# Description of the task
Repeat the listing exactly, minus the pictures.

# Data section

************

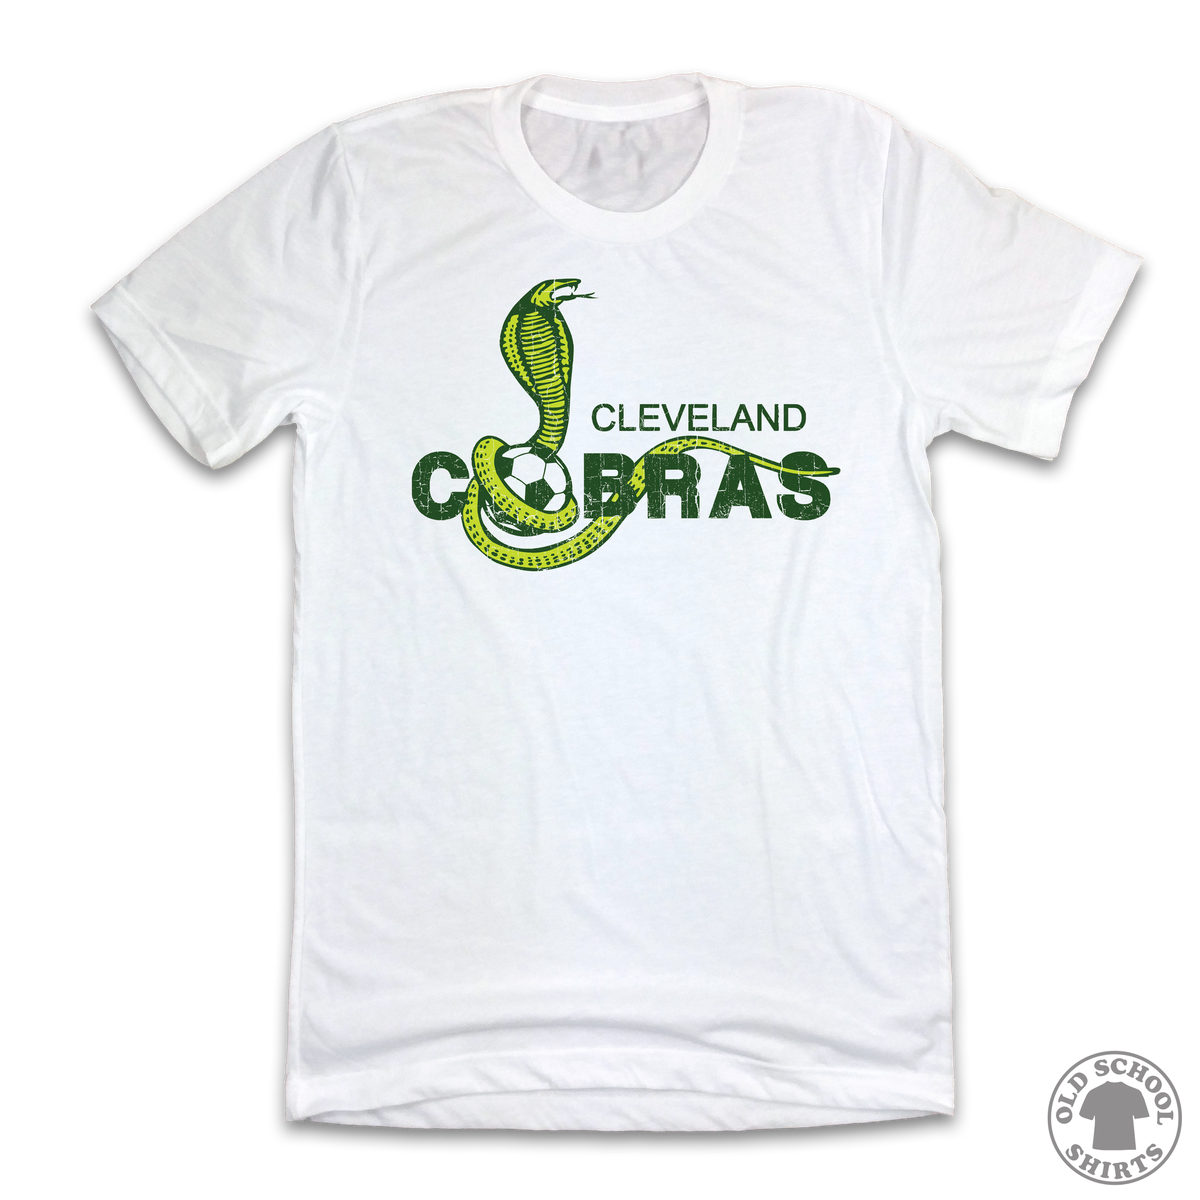 Cleveland Cobras - Old School Shirts- Retro Sports T Shirts
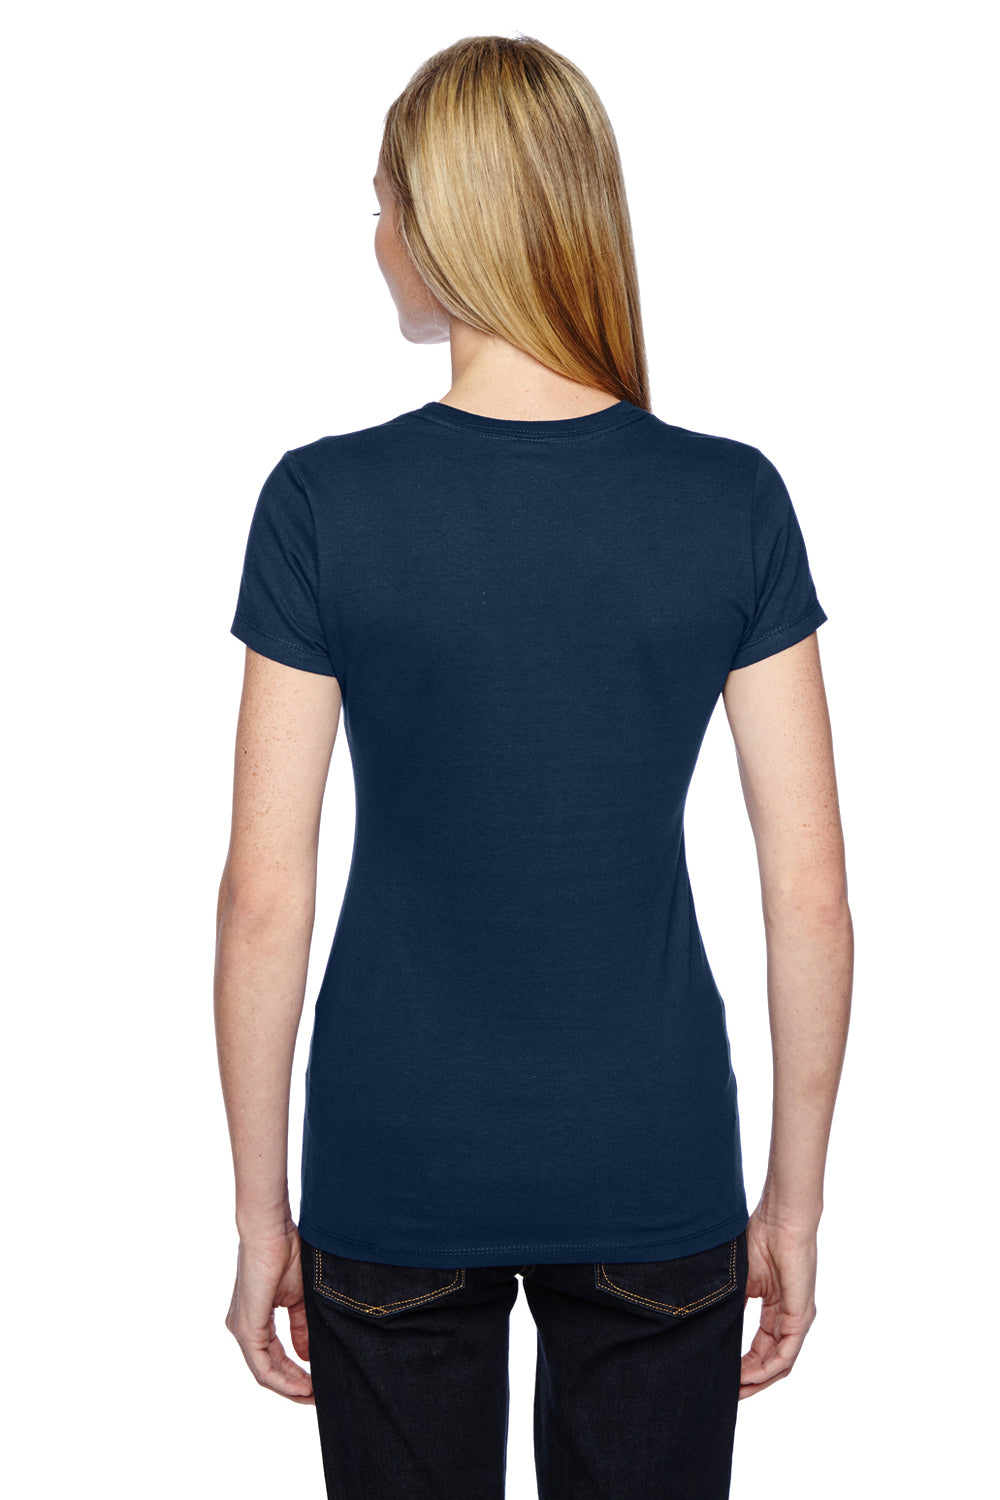 Fruit Of The Loom SSFJR Womens Sofspun Jersey Short Sleeve Crewneck T-Shirt Navy Blue Back
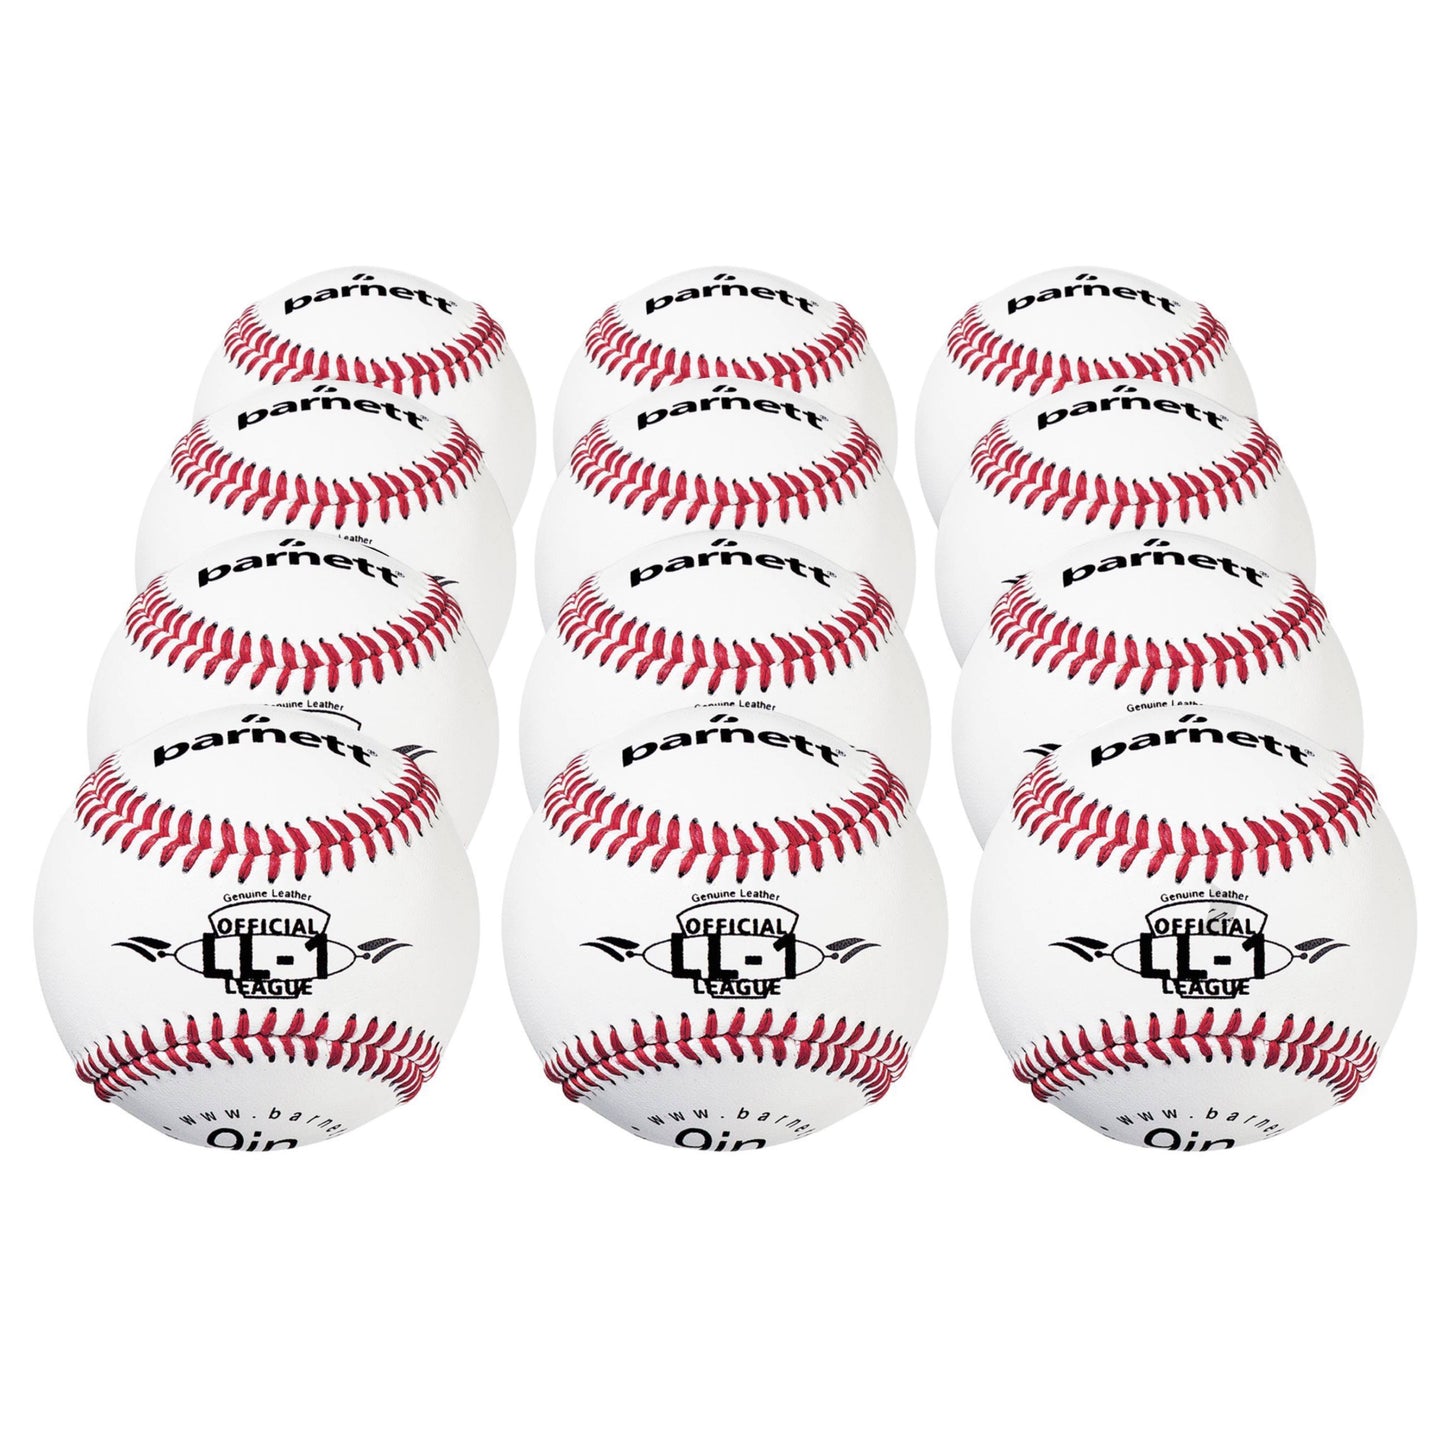 LL-1 Baseball Ball Wettkampf und Training, Grösse 9"(inch), Farbe weiß, 12 Stück (1 Dutzend)
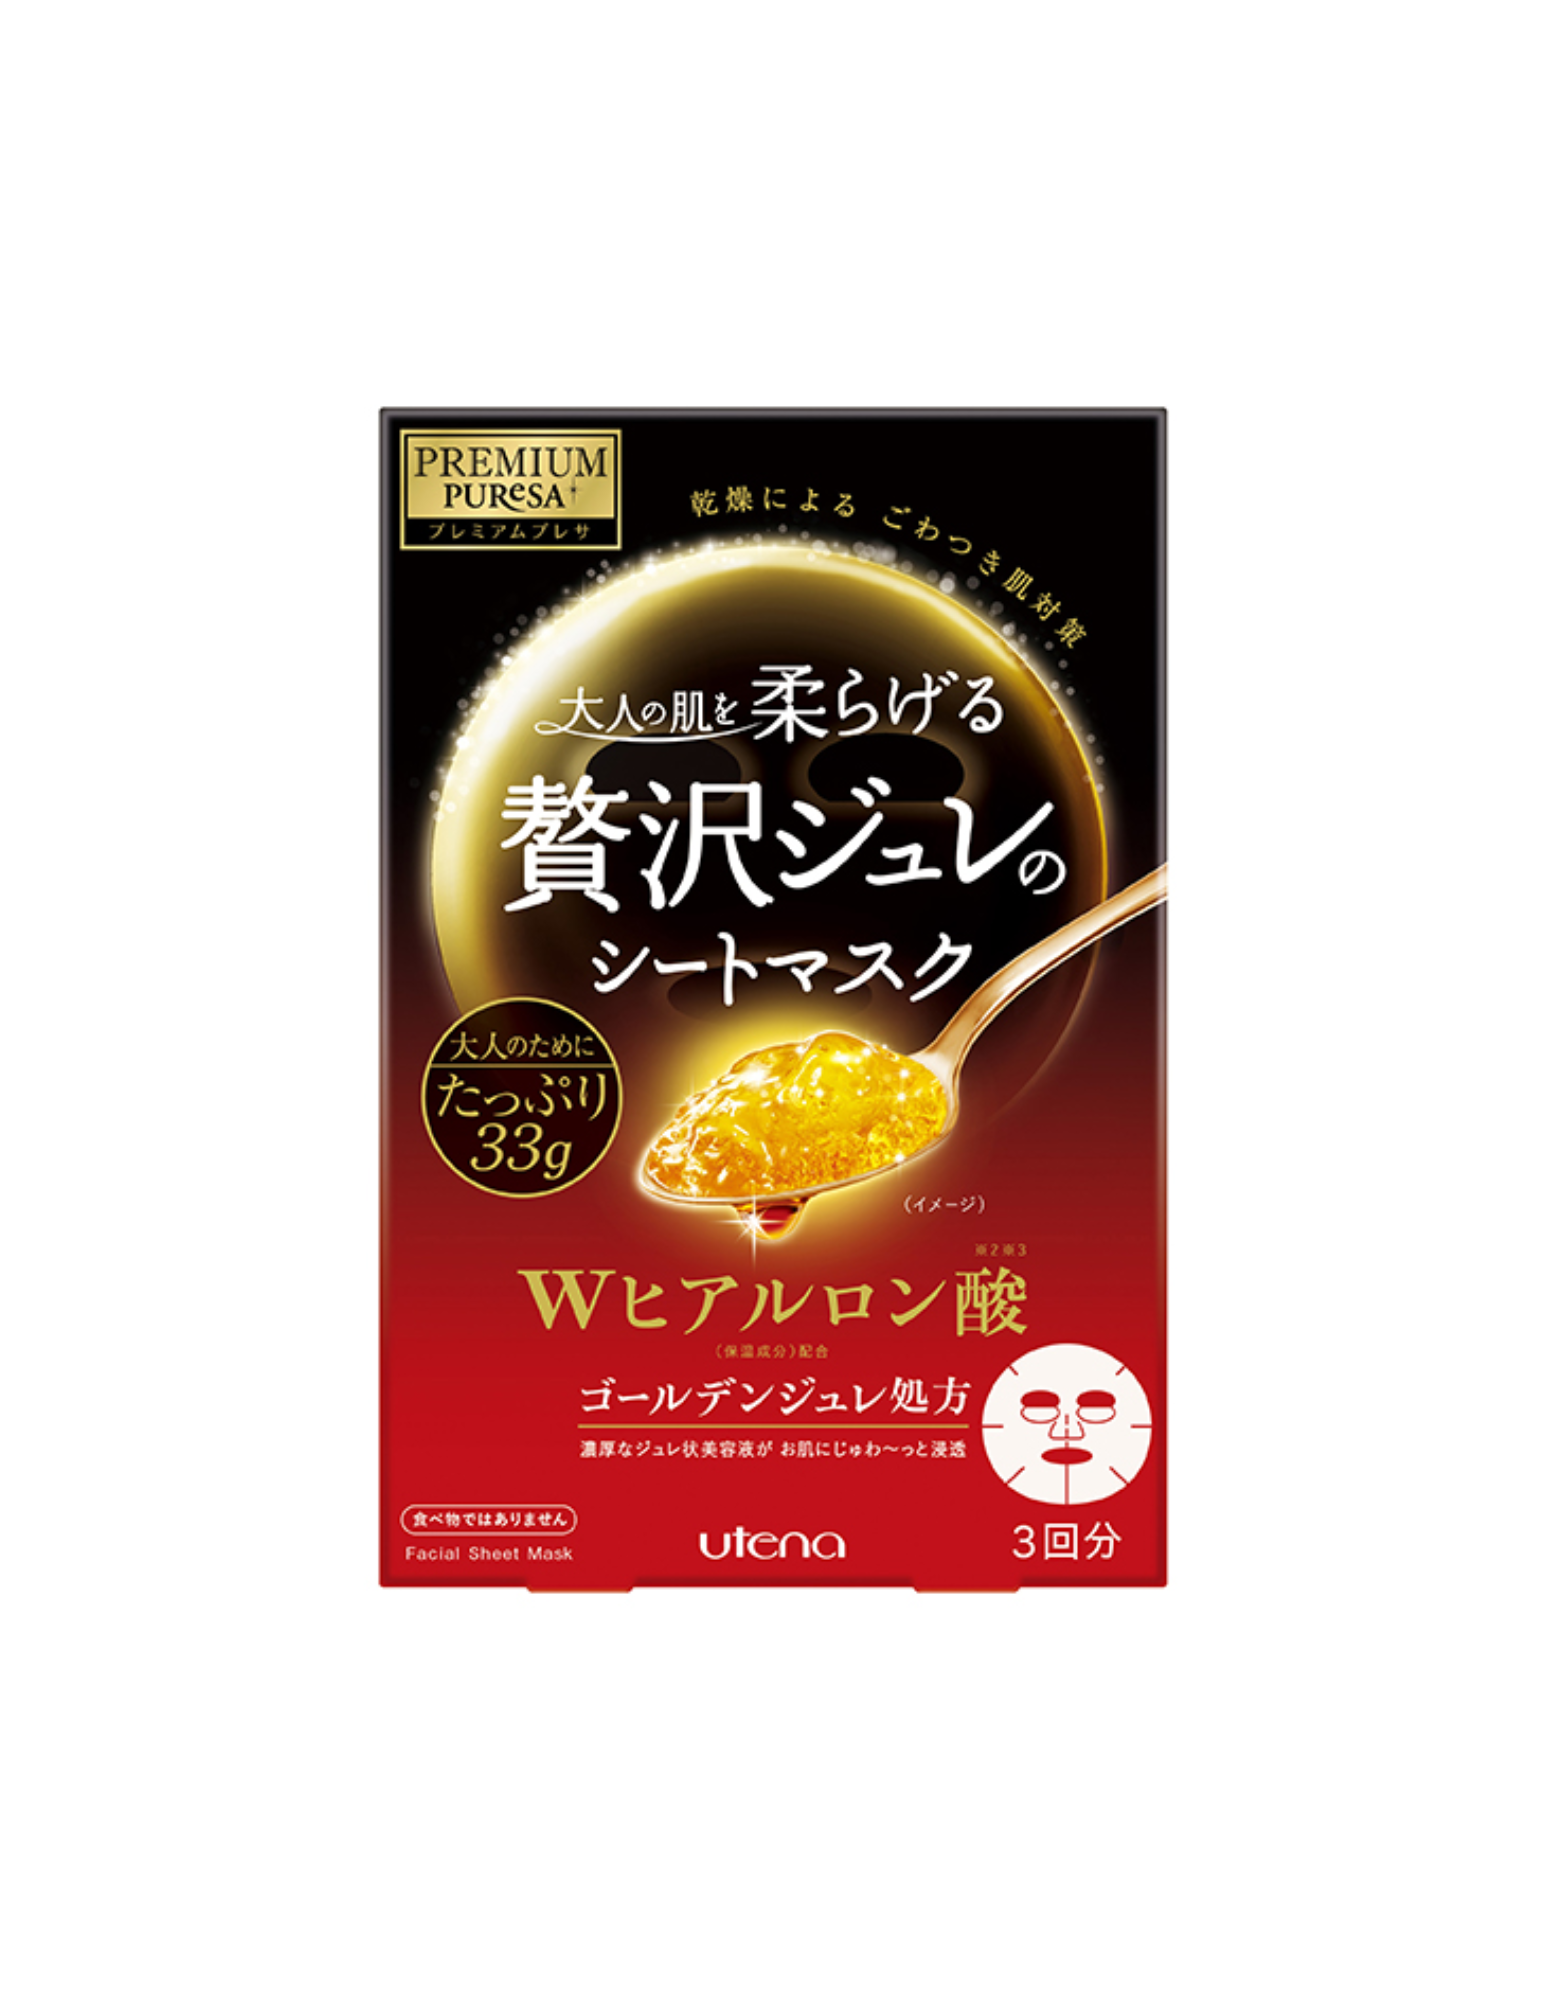 Utena Premium Puresa Golden Jelly Mask

************

# Answer box
 Cleveland Cobras - Old School Shirts- Retro Sports T Shirts
 Fruit Of The Loom SSFJR Womens Sofspun Jersey Short Sleeve Crewneck T-Shirt Navy Blue Back
 LL-1 Baseball Ball Wettkampf und Training, Grösse 9"(inch), Farbe weiß, 12 Stück (1 Dutzend)
 Utena Premium Puresa Golden Jelly Mask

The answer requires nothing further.